In short, there is no magic formula here and we know its not what you want to hear, but its reality. However, if you want to stay outside IR35, understandably, then the following is what you should consider:
1) Contract for a small company under the definition of the Companies Act 2006. The small company exemption will then apply.
Small businesses’ as defined by the Companies Act 2006 which means meeting two or more of the following criteria:
- Annual turnover is no more than £10.2 million
- Balance sheet total is no more than £5.1 million
- No more than 50 employees.
2) HMRC have articulated that if an end-client is based wholly overseas, with no UK presence, then the new rules do not apply. However, if your client has any presence in the UK, such as subsidiary then the new rules will apply.
3) Work with your end client to structure your working arrangement, where the substance of your relationship will point you outside of IR35. But this needs to be genuine, and not a contrived arrangement just to avoid IR35. And this really does depend upon your end client or intermediary, after all, the onus from the 6th April 2021 is on them. And don’t forget, they are under pressure too because if they get the status determination wrong by not taking reasonable care in their assessment of an SDS, then then the underlying PAYE taxes and national insurance liabilities could sit with them, so you can probably understand their caution.

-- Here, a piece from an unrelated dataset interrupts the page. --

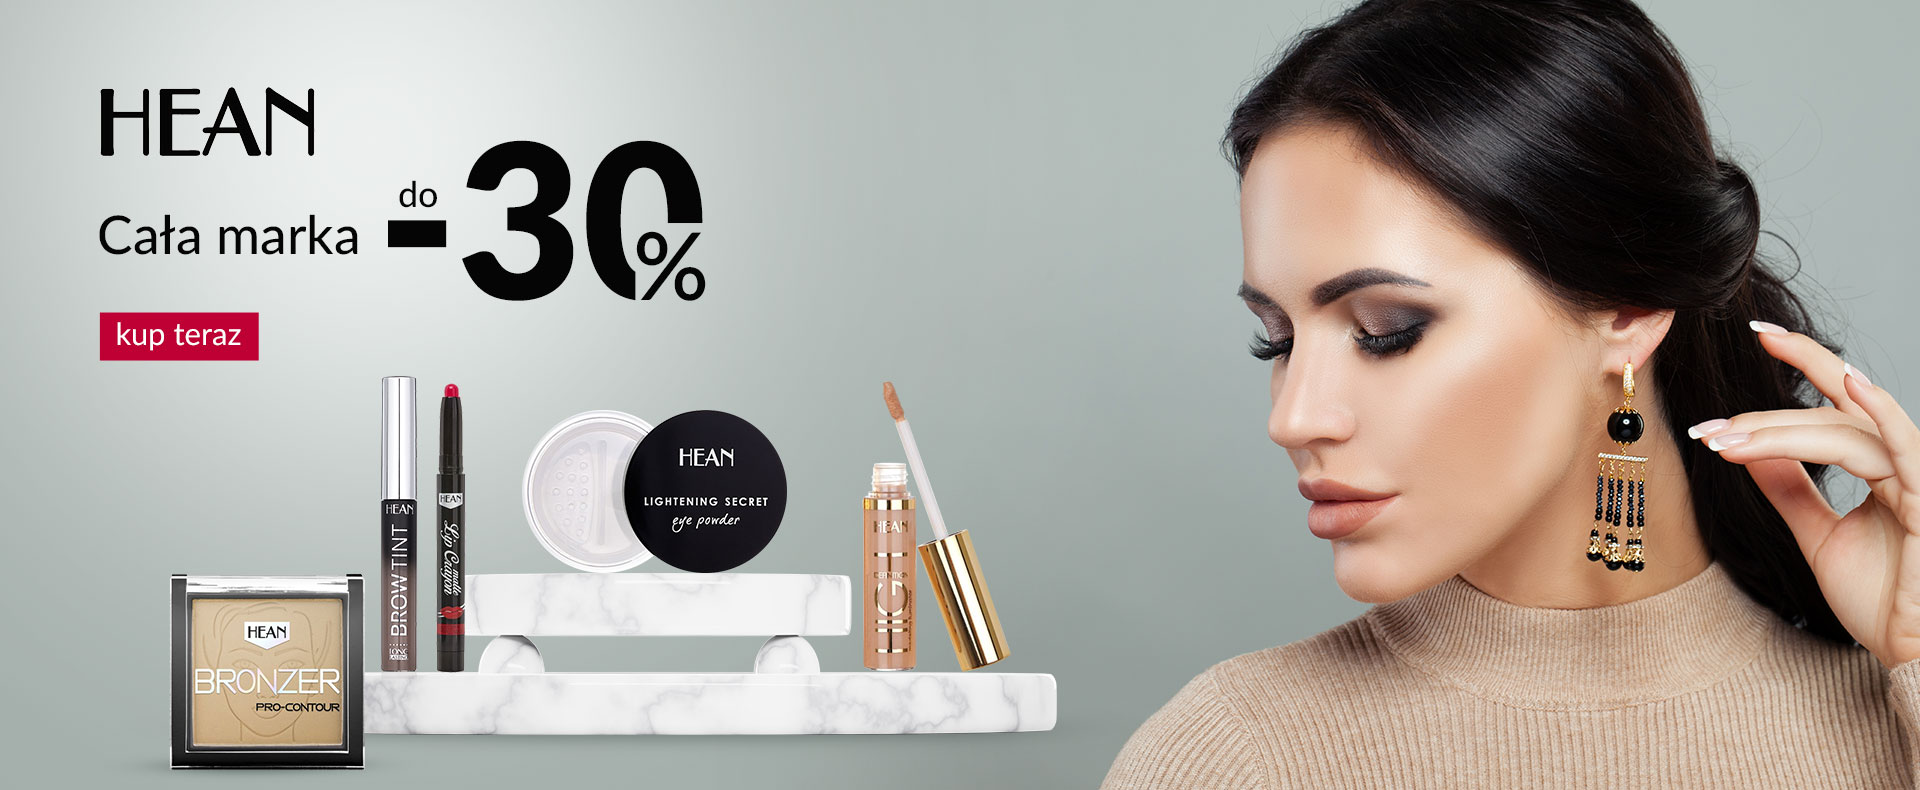 Ezebra Ezebra: do 30% rabatu na kosmetyki marki Hean

What about Umbrella Co’s promising 80%-90% take home pay?
This is another question that had popped up numerous times, and we can fully understand your desire to want optimise and minimise your tax bill.

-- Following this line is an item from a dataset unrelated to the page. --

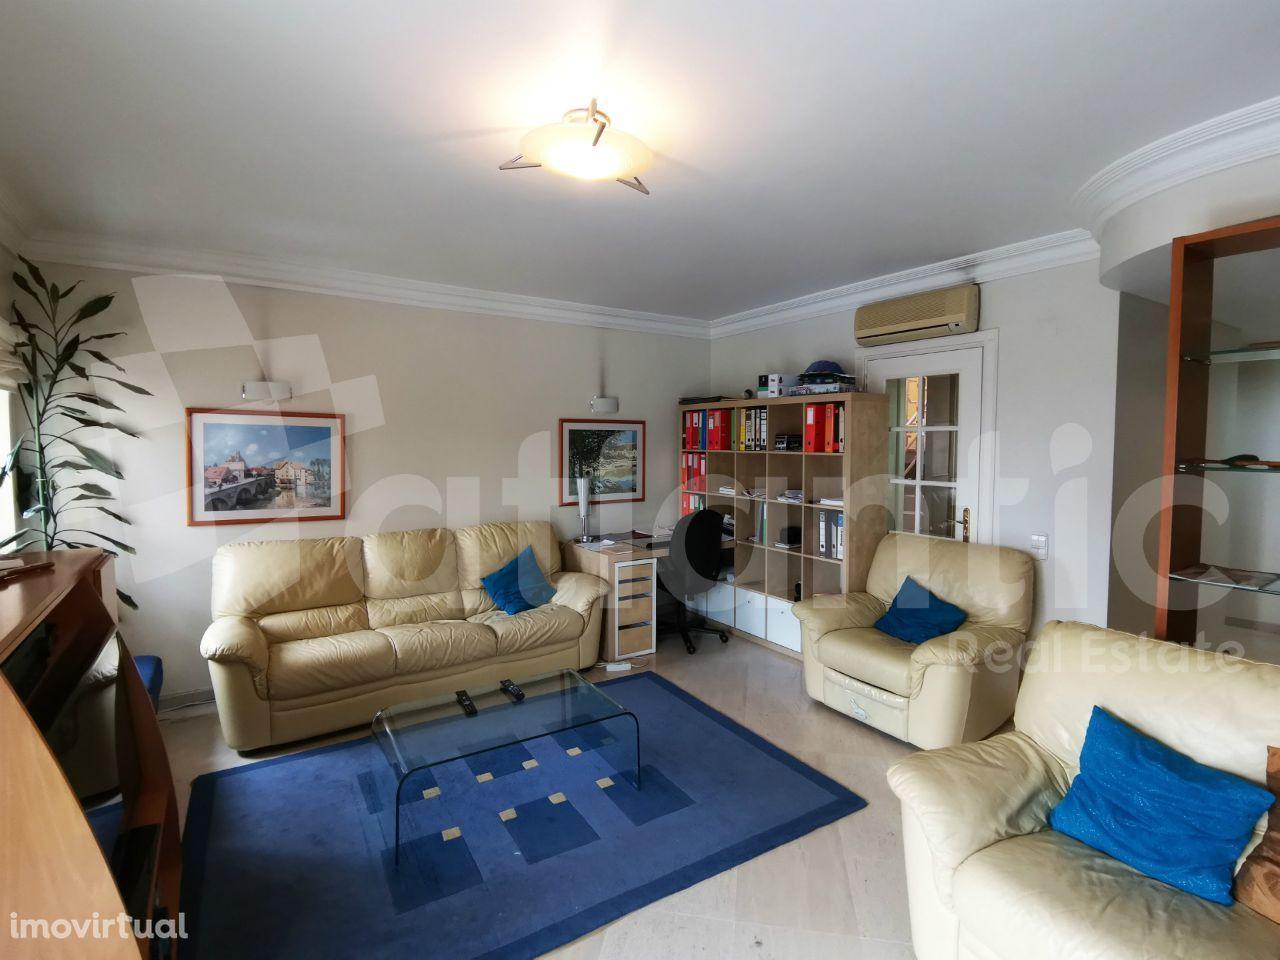 Apartamento T3 no Murganhal com suite, parqueamento e arrecadação

Where not here to judge such schemes or suggest or provide validation as to whether they are right or wrong, but to help you make an informed decision on them.
First of all, apply common sense. The government introduced IR35 changes in 2021 legislation and their primary objective was to supposedly level the playing field between contractors who behave like employees but pay tax like the self-employed, and employed folk who pay income tax and national insurance at higher rates.

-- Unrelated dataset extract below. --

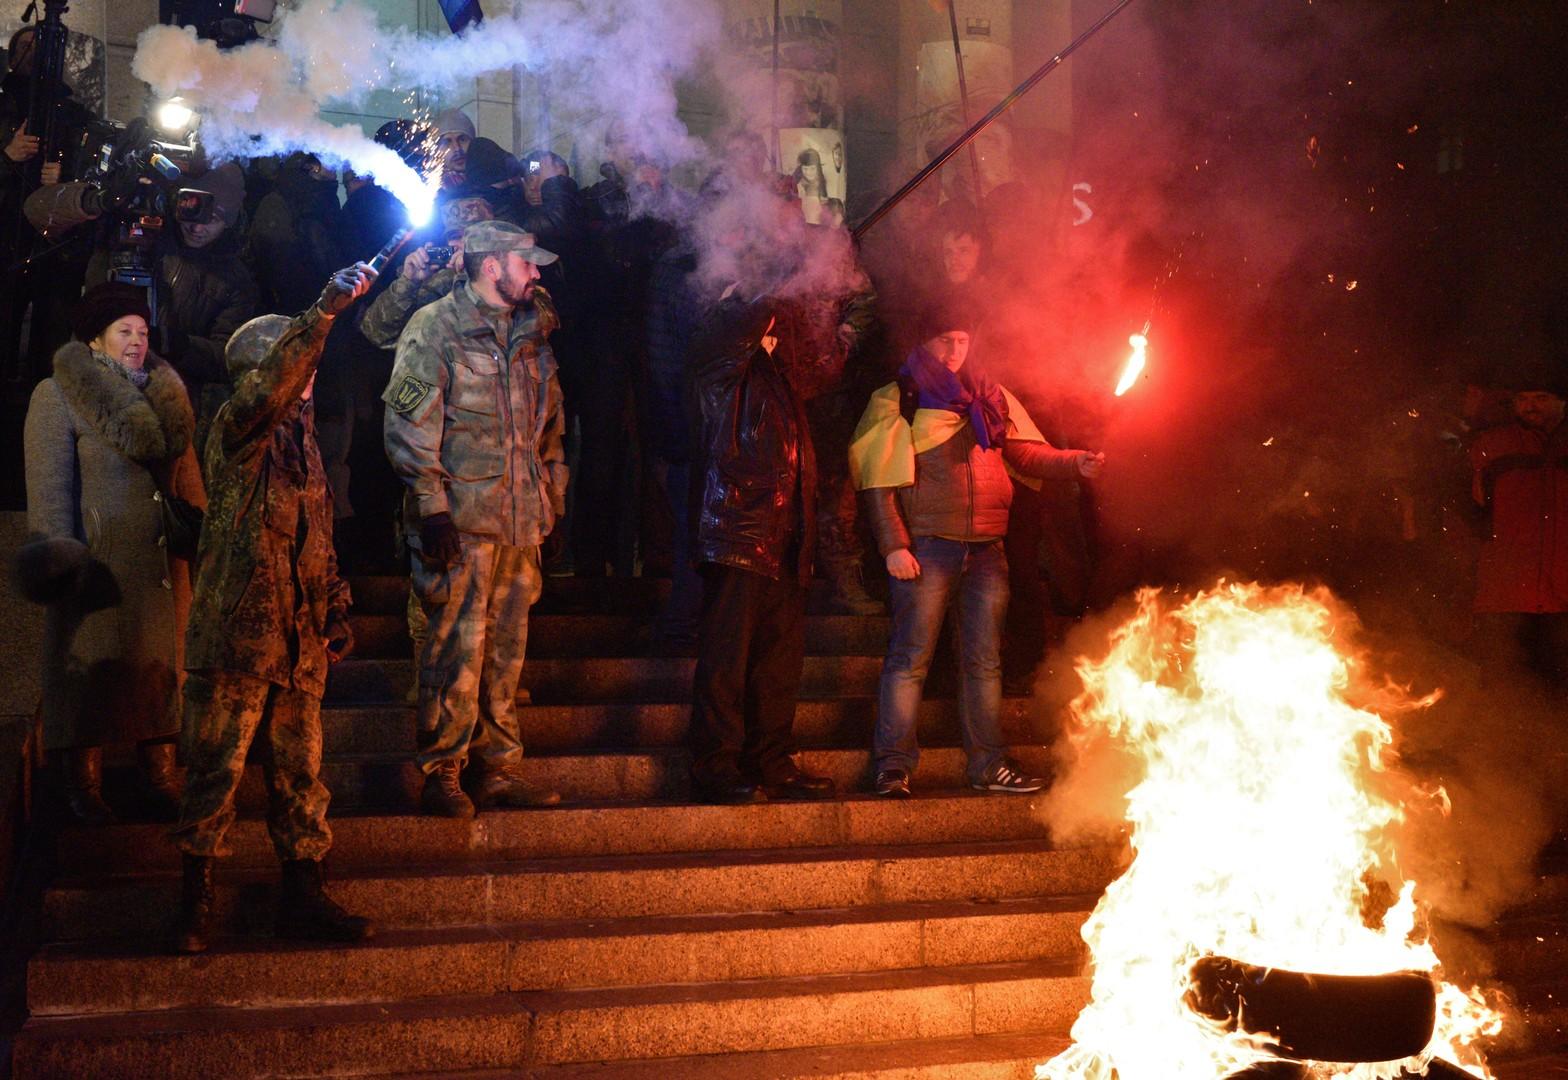 Pneus brûlés et vandalisme : comment Kiev a «célébré» le 3e anniversaire de Maïdan

So if a scheme has come along promising you take home pay rates similar to those you could have achieved through your Ltd co, if not better, then ask yourself, do HMRC really endorse these? Who is taking the risk here? And remember, the basic rate of income tax in the UK is 20%, so if a scheme is promising you 90% take home pay, does it even add up?
Secondly, there is recent history with the EBT, Employee Based trust disguised remuneration schemes so many contractors got sucked into. Eventually HMRC caught up with them, often resulting in hefty back tax bills, interest and penalties for the contractor. And what happened to the promoters of these schemes. You guessed it, pretty much nothing.
And lastly, look into Spotlight 45, by HMRC. This will tell you HMRC’s view of such schemes, and what they plan to do should get involved.